Film historian Richard Schickel, in his biography of Clint Eastwood, believed that this was the best film in the trilogy, arguing that it was "more elegant and complex than A Fistful of Dollars and more tense and compressed than The Good, the Bad and the Ugly." Director Alex Cox considered the church scene to be one of "the most horrible deaths" of any Western, describing Volontè's Indio as the "most diabolical Western villain of all time."
The film opens with a lone rider being shot dead by an unseen assailant before the credits. The event is explained by an on-screen caption which reads: "Where life had no value, death, sometimes, had its price. That is why the bounty killers appeared". Newman, who asserts the new heroic status that the film awards to bounty hunters, uses the caption as the sub-heading for the section on bounty hunters in his "Law and Order" chapter. According to Newman, being a bounty hunter was traditionally "something to be ashamed of" and "(ranking) lower than a card sharp on the Western scale of worthwhile citizens".

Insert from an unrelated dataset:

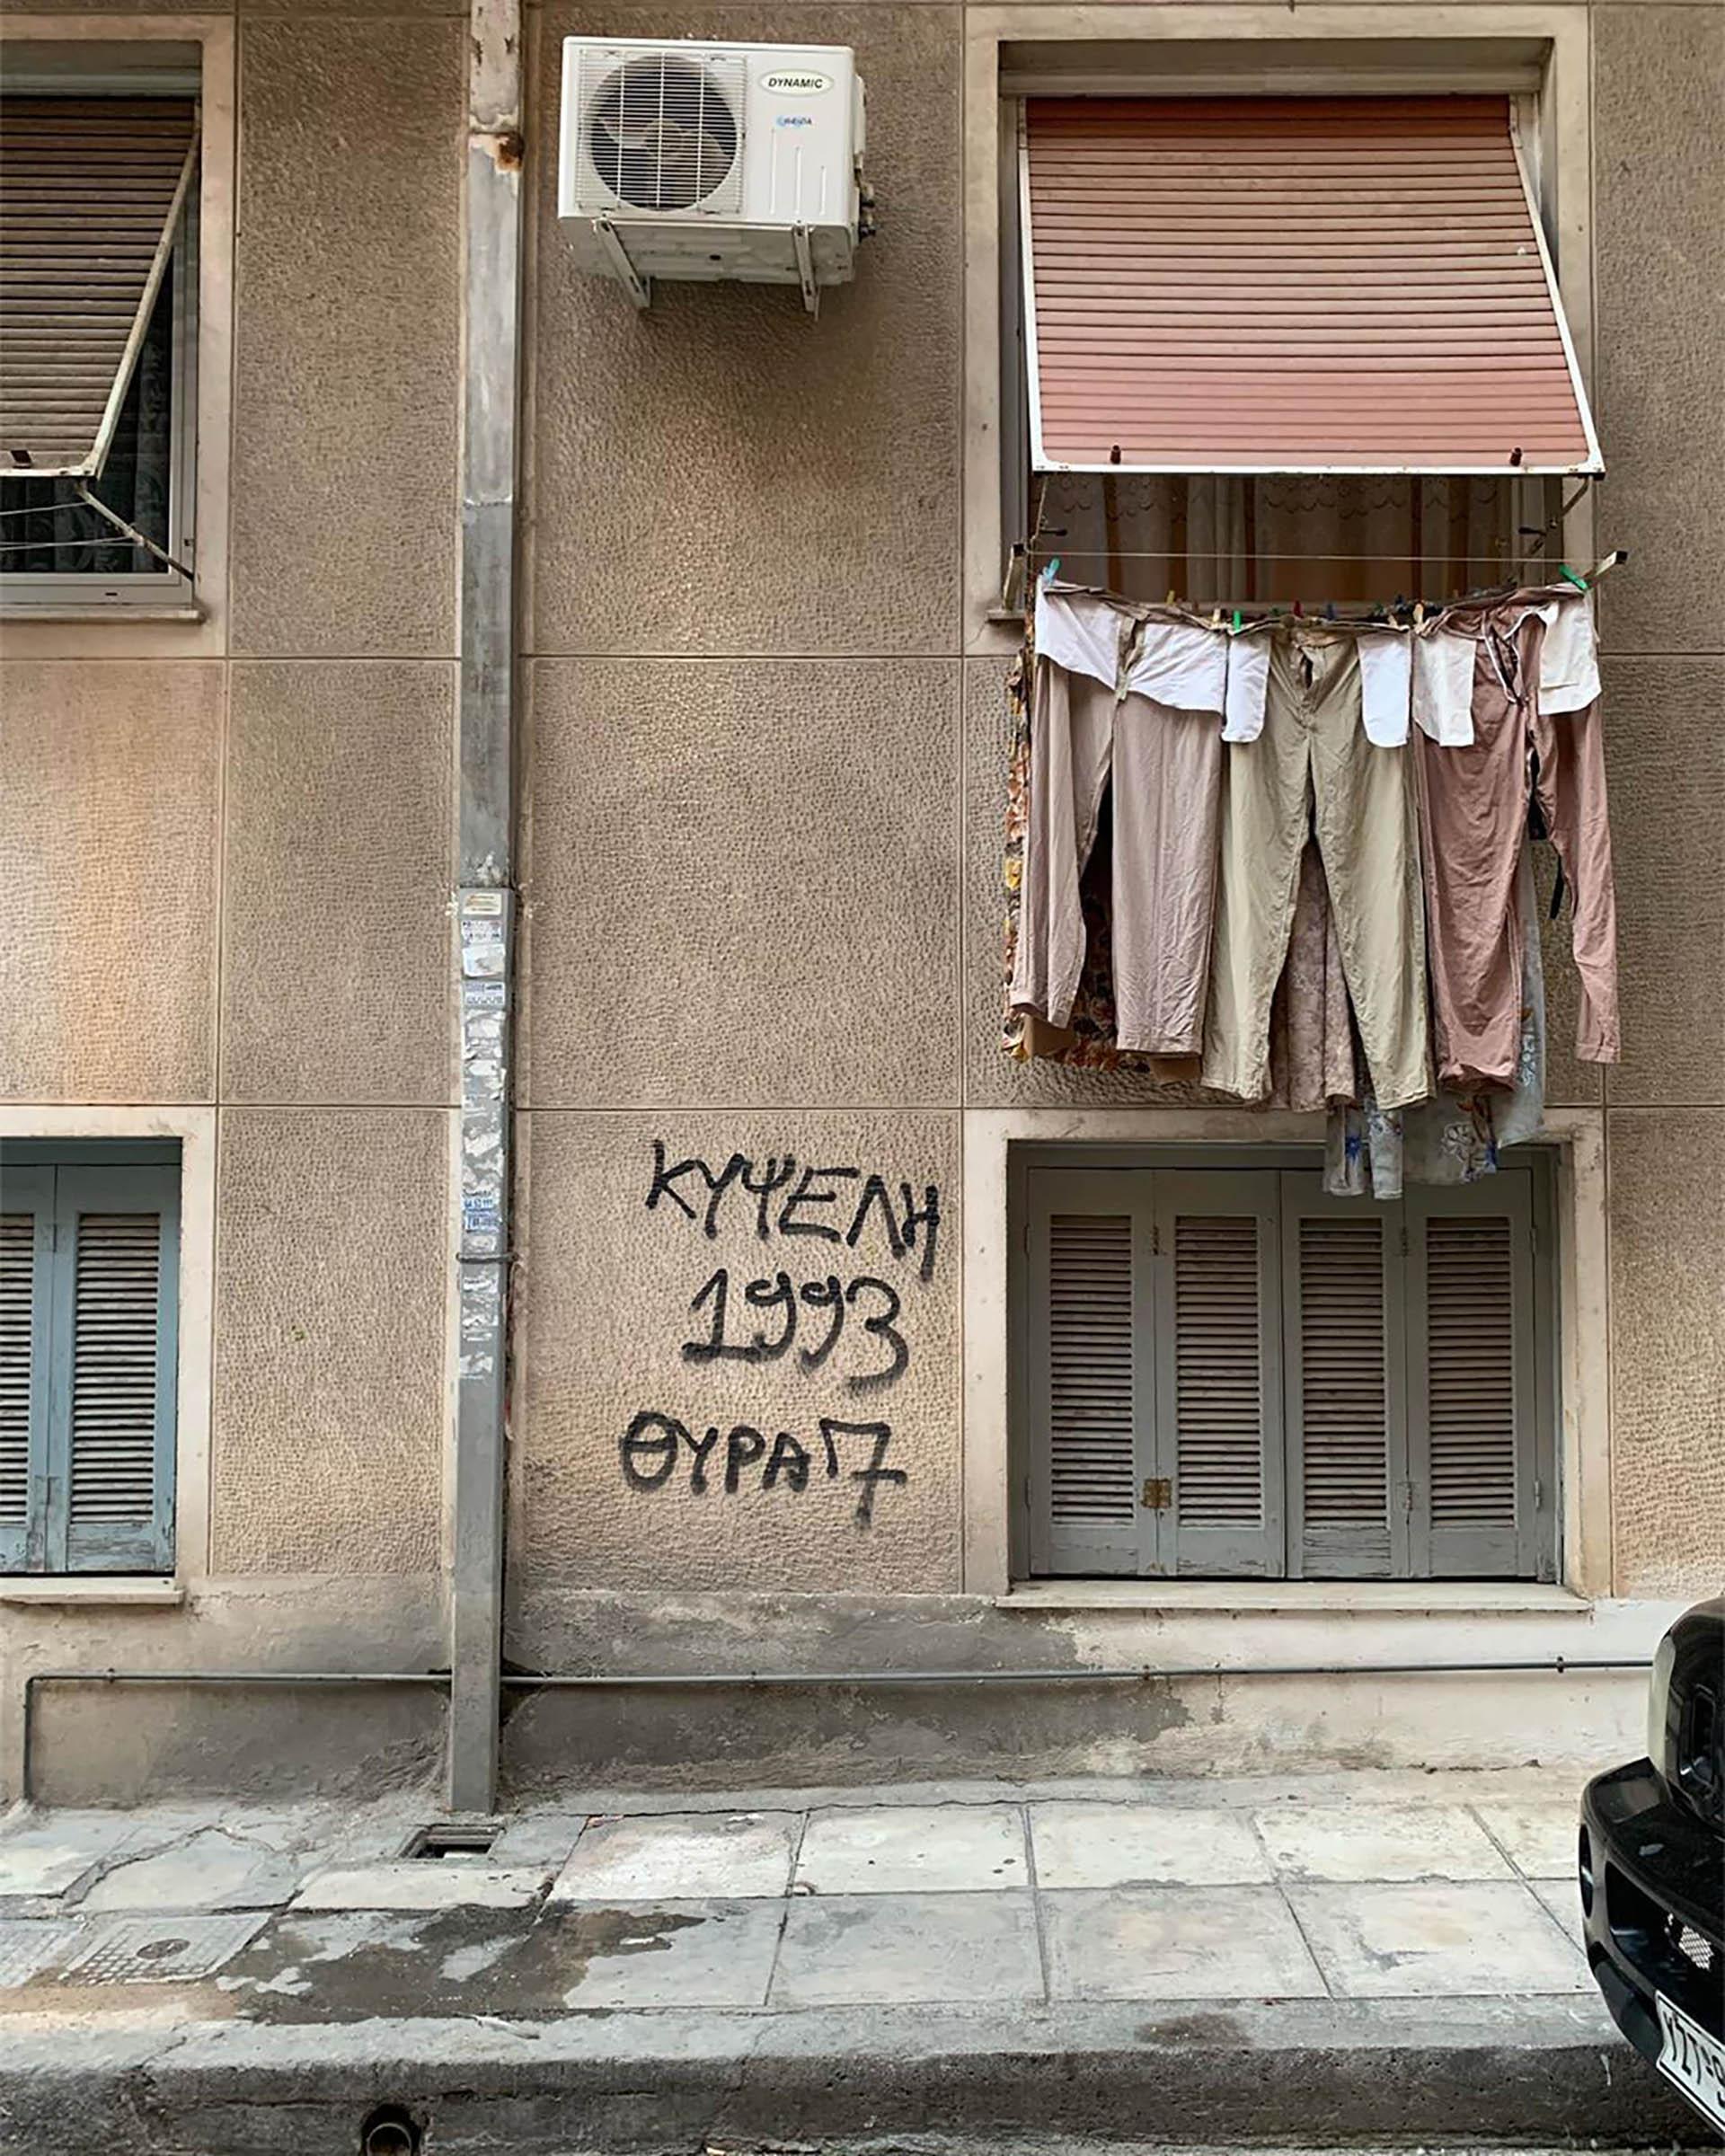 El barrio de Kypseli, al norte de la ciudad, no figura en la mayoría de las guías turísticas de Atenas; de hecho, muchos habitantes de Atenas ni siquiera lo conocen. Sin embargo, si lo que se desea es compartir la auténtica vida cotidiana del pueblo de Atenas, este es el lugar indicadp

Colonel Douglas Mortimer (Van Cleef) and Manco (Eastwood) are separately introduced as two bounty killers who hunt down and kill wanted outlaws to collect bounty. Meanwhile, a gang of outlaws breaks into a prison to free their leader — the clever, ruthless and psychotic "El Indio" (Volonte) — killing the warden and most of the guards. When news of the escape is released, Mortimer and Manco are interested in the large reward announced.